# "Audiophile or Audio-Fooled? How good are your ears?"



## PPI_GUY (Dec 20, 2007)

Well, this ought to stir the pot some. Watched this fairly short YT video the other day and whether you agree or not, many of his arguments seem to be based in science fact (aging, compromised hearing, etc.). Makes you wonder if going to the trouble of hi-res is worth it? 
Some fairly reasonable discussions among the comments for that vid as well. Surprising. 

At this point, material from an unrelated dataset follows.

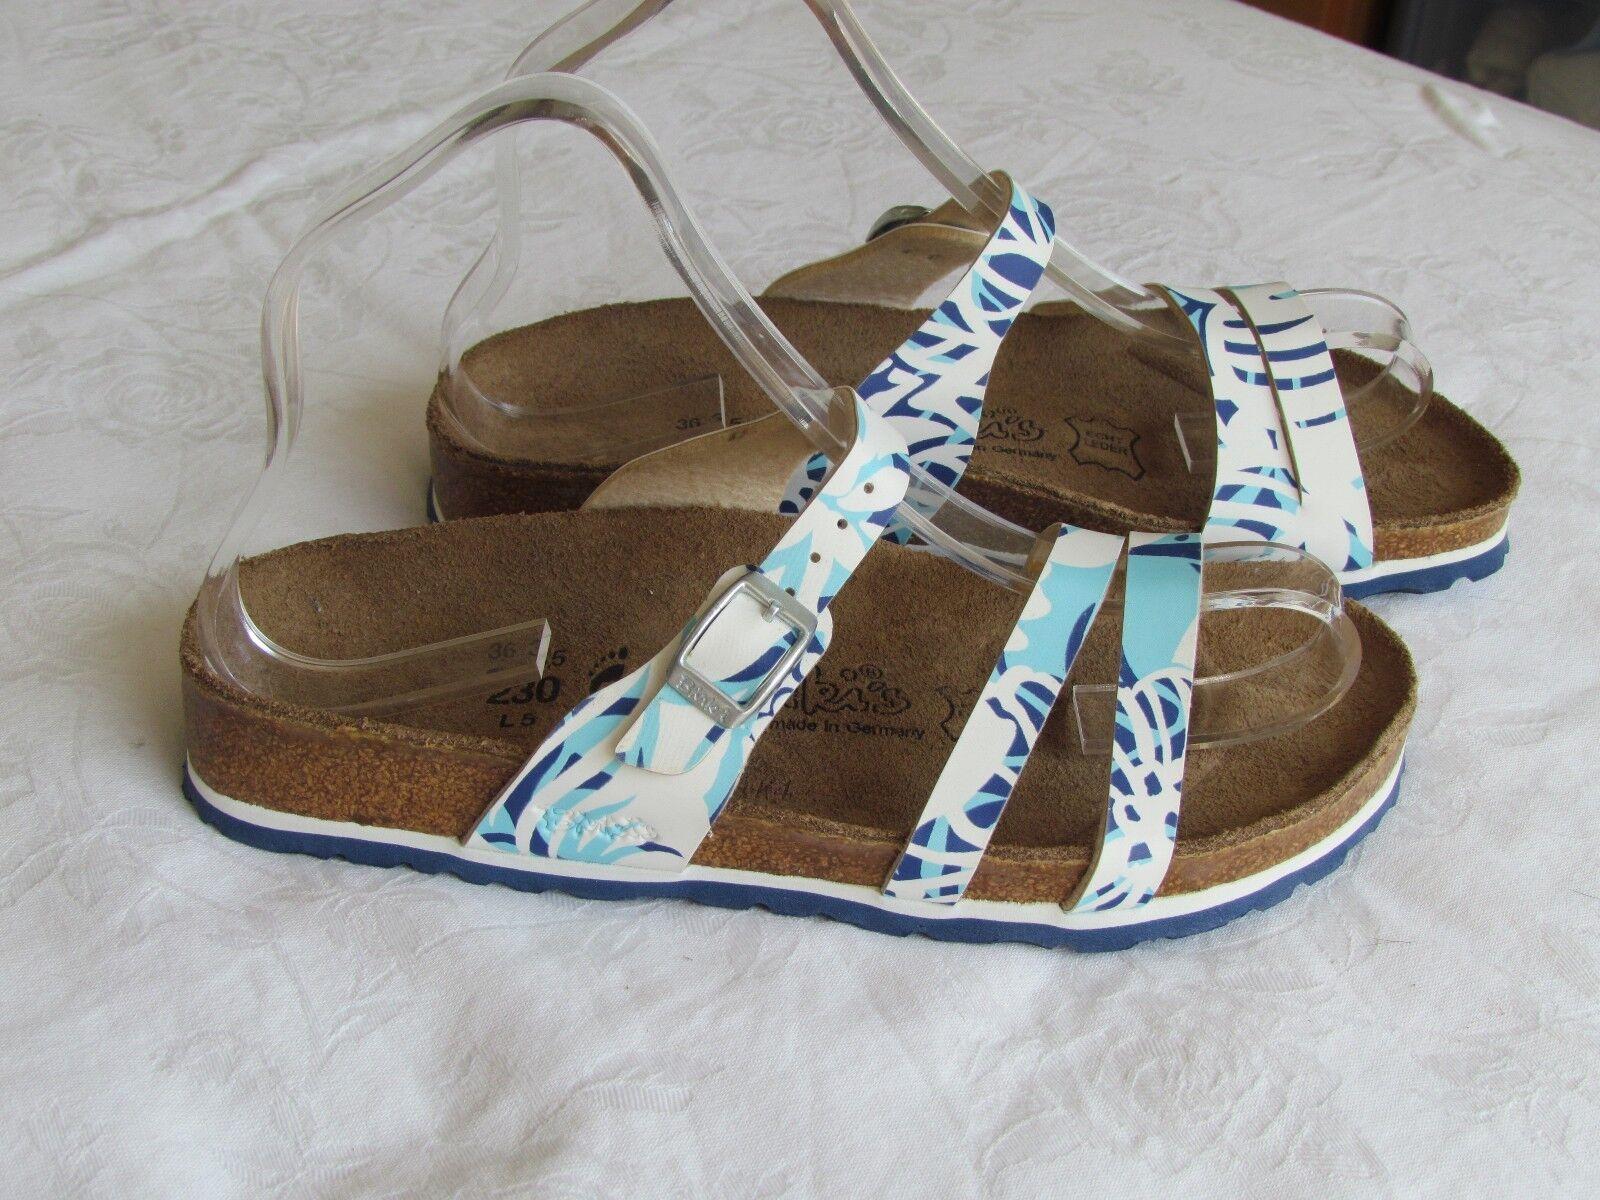 Último gran descuento NEW Birkis By Birkenstock Ladies White & Navy Blue Mules Sandals Size 3.5 EU 36

https://youtu.be/YgEjI5PZa78

Listening test is here...

How Well Can You Hear Audio Quality? : The Record : NPR


----------



## AyOne (Sep 24, 2016)

I got 2 wrong on my phone outside in the rain listening to only the first 5 seconds of each. So I would say there is difference.


----------



## ab12c3d4 (Sep 18, 2017)

got 2 right, listening through my altec lansing computer speakers, in a quiet room. I'm 49. was harder then i thought.


----------



## Holmz (Jul 12, 2017)

ab12c3d4 said:


> got 2 right, listening through my altec lansing computer speakers, in a quiet room. I'm 49. was harder then i thought.


When?


----------



## RRizz (Sep 4, 2012)

I basically guessed at them, and got 4 right. I'm 52 years old, and Currently have a head cold. on top of that, I used a set of earbuds I found in my junk drawer in the garage that probably came in a happy meal, or a box of cereal....
Its hard to argue with science, but there are many "golden ears" that will tell you they can distinguish between the 320 file and the wav. (as well as different RCA cabling, Amplifiers, ect) I would suggest that any who get 6/6 on this have gotten quite lucky with their guesses as well.
I have listened to many, many 320 files, and wav files, And I, for one, simply cannot hear the difference, even though I know its there.
I agree with his statement about the listeners "experience" with music, though. To many people, its just "background noise" to fill the silence, and they could care less, as opposed to those who listen intently on a regular basis. Perhaps that coincides with the reasoning that Meca, and Iasca judges are not chosen for their "ability" to "listen" well, but are "trained" to listen well


----------



## Truthunter (Jun 15, 2015)

3 right with $10 Panasonic headphones on a PC. Out of the 3 I did not pick wav, I chose 320kb. Very difficult to tell the difference and I had listed twice to each sample. In a running/moving car... fogetaboutit!


----------



## SPLEclipse (Aug 17, 2012)

I got 3/6, and the wrong ones I picked 320kbps....except for the Coldplay song where I picked 128. Is it just me or is there some major clipping in that song? I picked the one that sounded least clipped, which would make sense because the lower bitrate probably filtered some of that out.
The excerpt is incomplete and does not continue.